Crawling Through Glass
Dec 3, 2009
I… I failed, OK? I wasn’t able to keep my promise. Last month marked the only month since January 2006 that I had not posted even a single entry… a promise I committed to until at least June 27, 2012. Another promise I’ve broken.
I don’t know what it is but October and November always seem to be the deadest months for this blog. Maybe because I’m getting adjusted to a new year of school and everything…
Speaking of school, it’s been great. I do regret not recording my experiences here, but the gist is this: it started well, kinda, I hit a small slump, and now I’m bouncing back full force. School “kinda” started because, well, until mid-October it still felt like summer vacation to me. Sure, I had to go to this certain building for a couple hours a day, but I was still staying up late, until dawn on some of the freer days; even right now, it’s approaching 3 AM and I know I still got at least an hour before sleeping. And while it wasn’t super-warm, the sun was still dominant. In fact it still feels like August to me. I still remember being at the beach so vividly…
As for my scholarly performance, as I said, I was in a slump but now I’m bouncing back. In Algebra, we have four tests that count for grades, and that’s it. I got a 70-something on the first, a 50-something on the second, and a 55 on the third. That third test was disheartening because I studied really frigging hard for it. I mean, I actually studied. Me! The person who did his homework in homeroom and never studied for anything, ever! I studied for multiple nights, combing over the practice test, and… a 55. Ouch. That really hurt. But, in an apparently-unprecedented move, the teacher professor offered a makeup test. So I studied again. This time, using the real test.
And I got an 87. And let me say I consider it one of my finest scholastic achievements ever. The fourth and final test is coming up, and after that I get to retake my lowest-scoring test. I hope I can turn both of these into 87s, too.

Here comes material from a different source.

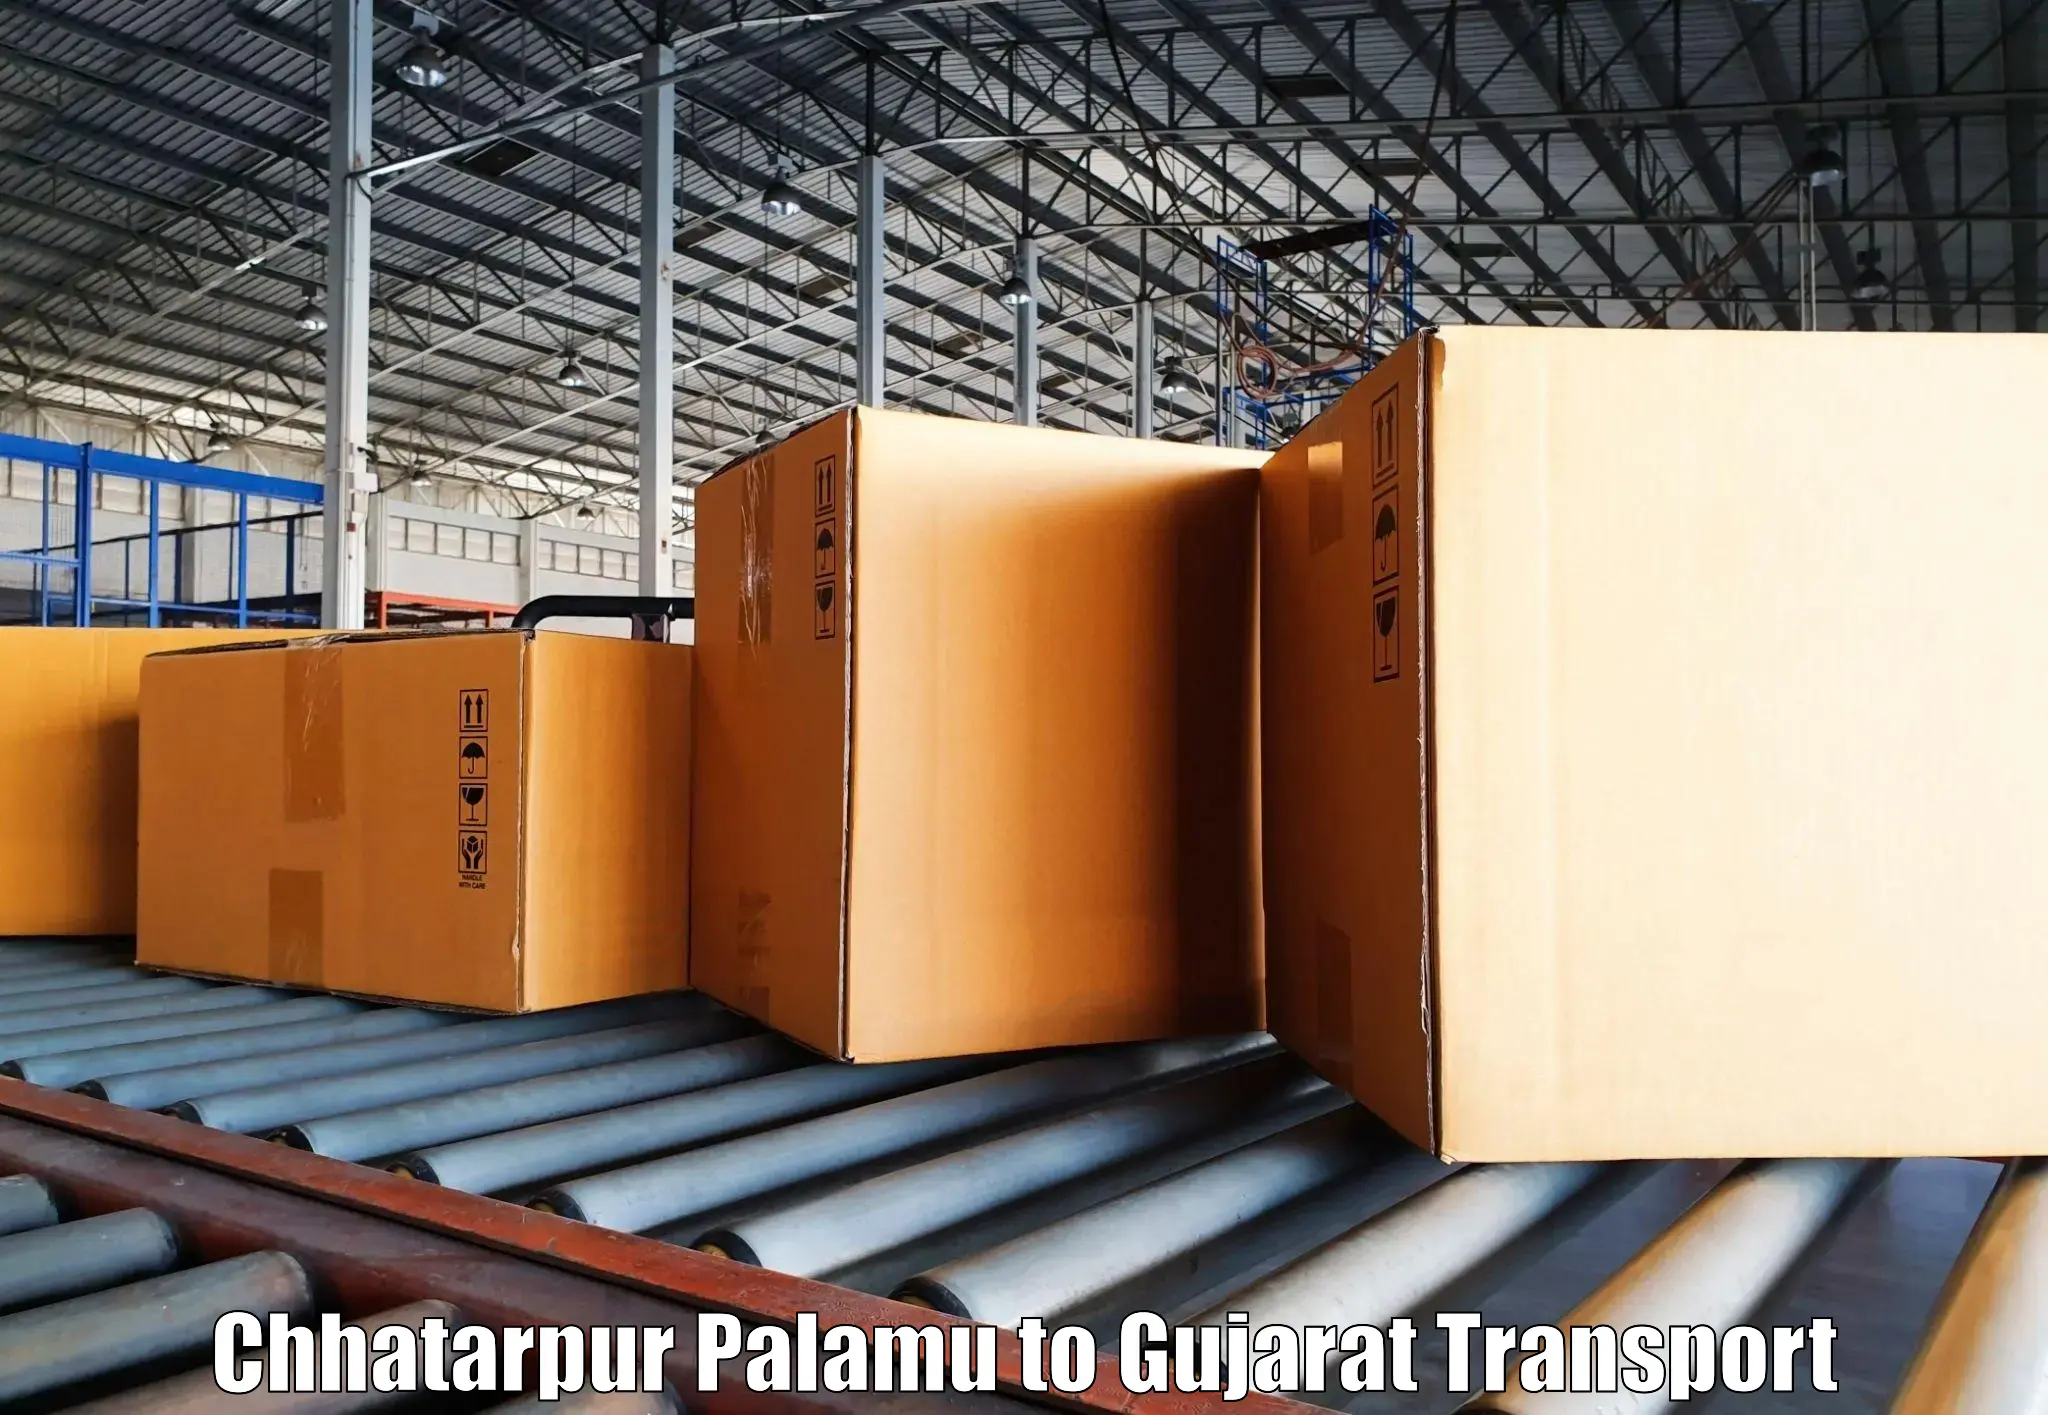 Daily transport service Chhatarpur Palamu to Banaskantha

But Algebra was really all I concerned myself with. Of my four other classes… Intro to Software Applications is Microsoft Office for dummies, and it’s easy if you hand in the work. It also only meets once a week and is my only class on Thursdays, which has been nice. Intro to Programming has started to speed up from its walking pace, but it’s still pretty easy – mostly, the concepts and algorithms for problems I did in Java during high school just need to be rethought a little for C++. Public Speaking has surprisingly been decent, and it is helping me improve myself. The speeches have started to get longer but I’m confident, based on what I’ve done before. And finally, Composition is “up there” with Algebra as a course I find I need to work more to get more in, but that could be because it’s a two and a half hour course at 6:00 PM.
My father, going to the same college I am, a year advanced from me course-wise, set a huge bar, and while I know I won’t meet it this semester, I’m pretty satisfied with my performance (provided the next two weeks play out like I hope.) I think a huge, and I’m being serious, huge contributing factor to me still being both carefree and “nose to the grindstone” while not being worn out is simply due to the transition to college. I loved my high school and still do, but day after day of waking up at 5:45, waiting in the freezing or near-freezing temperatures for the bus to come, in the pre-dawn darkness, was just… suffocating and debilitating. I don’t want to sound whiny, and I held off on really thinking about this while I was in high school for that reason, but now that I’m out and I have some context I can honestly say that it sucked. It sucked and it shouldn’t have happened to me, or anyone else. I think I’ll make an issue out of delaying school start times in the future.
But anyways… it’s December! I love this month. Good always comes from December. Sometimes bad does, but good is always there. A big part of it is Christmas, I mean it’s undeniable the good His birth had, but it’s also due to frivolous things, like snow, or winter break. Time with the family. Christmas isn’t going to be as great this year, with my dad going to college that leaves one parent providing, and there’s five other jobless people here draining that away. That wasn’t meant to sound bitter, but I do want to convey how sad I feel that she has to do it all. She shouldn’t have to.
And really, that’s what I want for Christmas. I want two or three frivolous things, yes, but I also want some things that I have to face and attain by myself. I want to help. I want a driver’s license, and a job. If I can contribute everything I would.
I’ll probably have another post this month looking towards 2010, but I want to say… I’m filled with hope at what will happen. I hope things will work out next year. And December 2010 Andrew? I can’t imagine how disheartened you’ll be if things don’t improve at least a little.
Getting back to the original topic… will I ever skip an entry again? Not deliberately, no. And I would beat myself up just as hard if it ever happened again. But at the same time, I’m not abandoning this blog, which was what that promise tried to address. I’m still posting. I’m crawling through broken promises, and even though they cut me, I keep on crawling.